Я дотронулся до выпуклой, завязанной узлом резинки в кармане брюк.

– Ну, не знаю. Что ты заведешь разговор о чем-нибудь эпидемиологическом, о других партнершах.

– Вот уж о чем я слышать не хочу совершенно.

– Жутко комариное место, – сказал я. – Надо двигать отсюда.

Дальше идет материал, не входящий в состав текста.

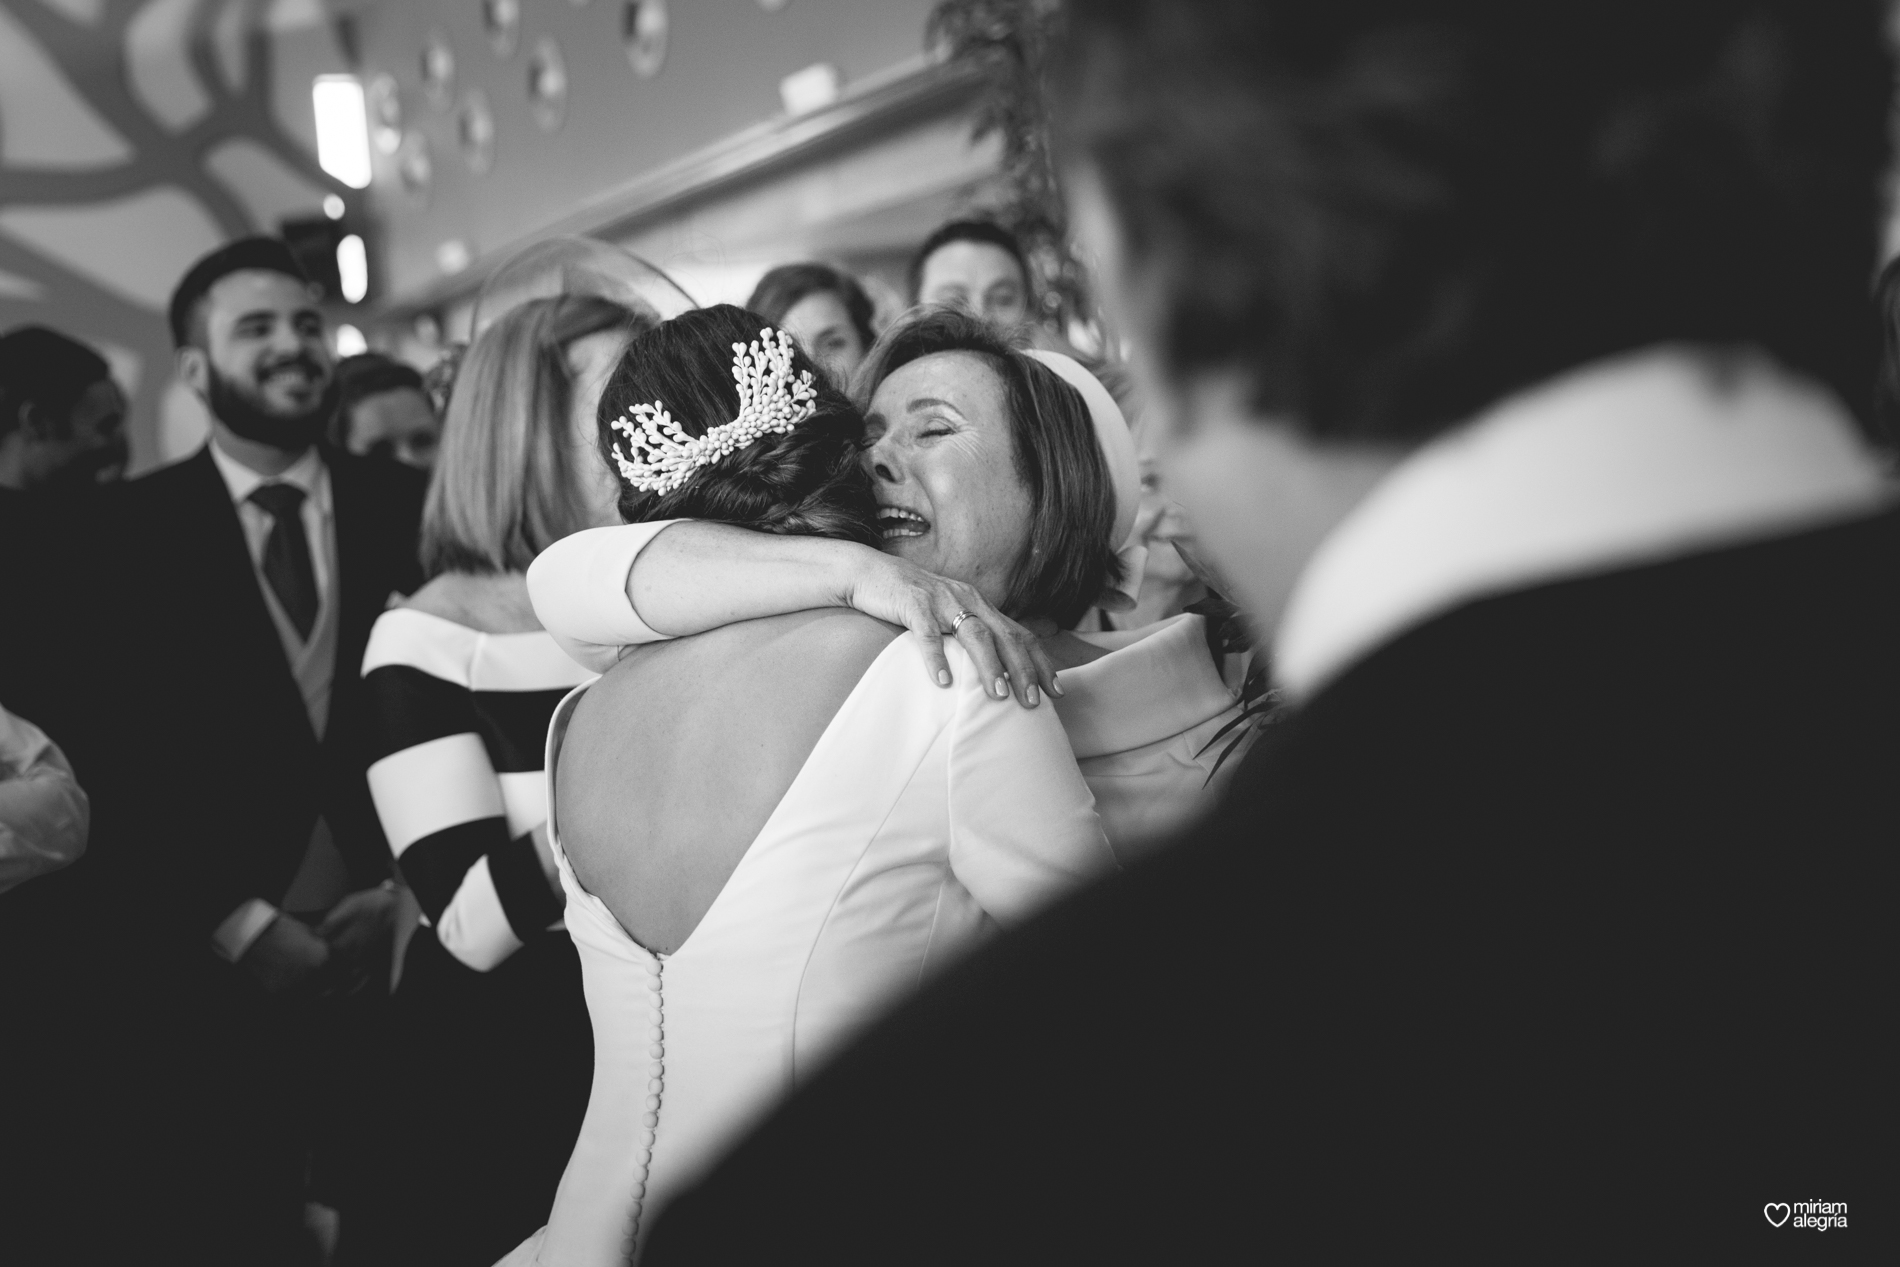 boda-en-la-catedral-de-murcia-miriam-alegria-fotografos-boda-murcia-72

– Ты хоть знаешь, где мы находимся? Смог бы сам найти дорогу?

– Нет.

– Получается, я нужна тебе все-таки. Если хочешь успеть на свой автобус.

Чтобы не заблудиться в ветвях логического древа, нужна была бдительность и бдительность, но жар, исходивший от Анабел, тепло ее спины и наших телесных жидкостей, запах шампуня “Мэйн энд тейл” – “грива и хвост” – от ее волос, всегда слабый, но неизменно ощутимый, – все это притупило мои мыслительные способности. Опиум, которым была Анабел, подействовал на меня предсказуемым образом. Я проговорил с ноткой отчаяния:

– Послушай, я уже понял, что ты не позволишь мне успеть на этот автобус.

– Позволю тебе? Ха.

– Не ты, – поправился я. – Мы. Что мы не позволим мне успеть на автобус.

мы

Но ошибка уже была допущена. Брыкнув ногой, она вставила ее в кроссовку, за ней другую.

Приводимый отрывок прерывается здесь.